L’URSSAF réfute toute faute de sa part en indiquant que la cotisante ne s’est pas présentée au jour prévu pour le contrôle de sorte qu’il n’a pu produire aucun document, et que l’indisponibilité médicale alléguée de l’un des gérants est inopérante dans la mesure où la société comporte un cogérant.
Elle précise qu’en l’absence de toute obligation légale ou réglementaire, la commission de recours amiable a néanmoins examiné l’ensemble des documents comptables et administratifs fournis par l’entreprise pour fonder sa décision.
Ainsi, alors même qu’au moment du contrôle reporté à la demande de la cotisante, l’URSSAF n’a pu disposer de documents, il ressort de la décision de la commission de recours amiable que les documents remis par la société dont la liste figure en page 6 ont été examinés.
La commission a également relevé des documents manquants qu’elle cite expressément ainsi que des incohérences.
Il est ainsi établi que les droits de la défense de la cotisante ont été parfaitement respectés, laquelle n’a par ailleurs pas usé de la faculté de contester le contenu de la décision devant la juridiction sociale.
La demande de dommages et intérêts de la SARL [5] fondée sur une faute de l’URSSAF sera rejetée.
Sur les dépens et autres frais irrépétibles
Selon l’article R. 133-6 du Code de la sécurité sociale, les frais de signification de la contrainte sont à la charge du débiteur.
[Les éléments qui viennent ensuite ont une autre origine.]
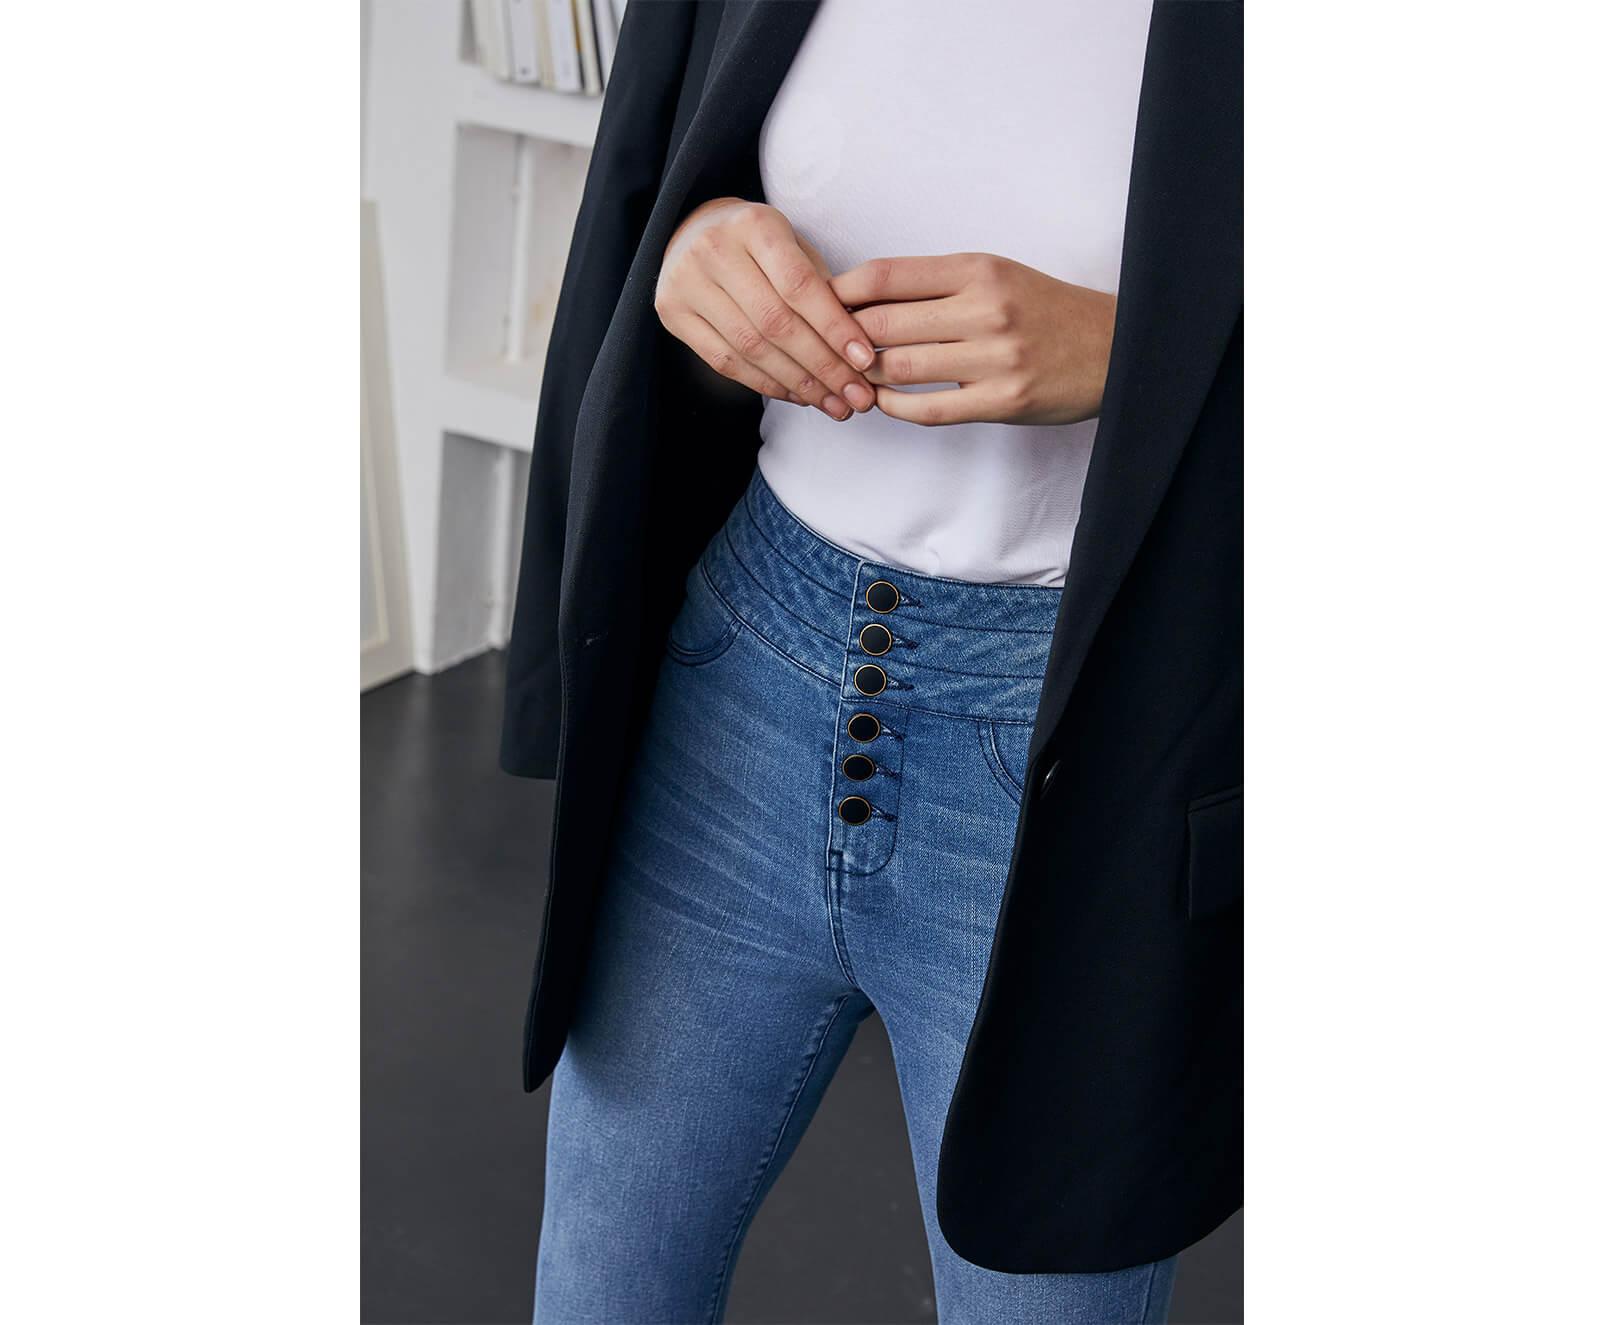 2 5 - Colección de leggings de Ysabel Mora marca nuevo código urbano que no te dejará indiferente

En outre, selon l’article 696 du Code de procédure civile, les dépens incombent à la partie perdante.
En conséquence, la SARL [5] sera condamnée aux dépens de l’instance en ce compris les frais de signification de la contrainte.
Il est équitable de condamner la SARL [5] au paiement d’une somme de 1500€ au titre des frais irrépétibles de l’URSSAF.
PAR CES MOTIFS,
La Cour, chambre sociale, statuant contradictoirement par mise à disposition de l’arrêt au greffe de la cour, après débats en audience publique et après en avoir délibéré,
CONFIRME le jugement rendu le 2 septembre 2020 par le Pôle social du Tribunal de grande instance de Perpignan en toutes ses dispositions
DEBOUTE la SARL [5] de toutes ses demandes,
Y AJOUTANT
CONDAMNE la SARL [5] à payer à l’URSSAF Languedoc Roussillon la somme de 1500€ sur le fondement de l’article 700 du code de procédure civile.
CONDAMNE la SARL [5] aux entiers dépens de première instance et d’appel incluant les frais de signification.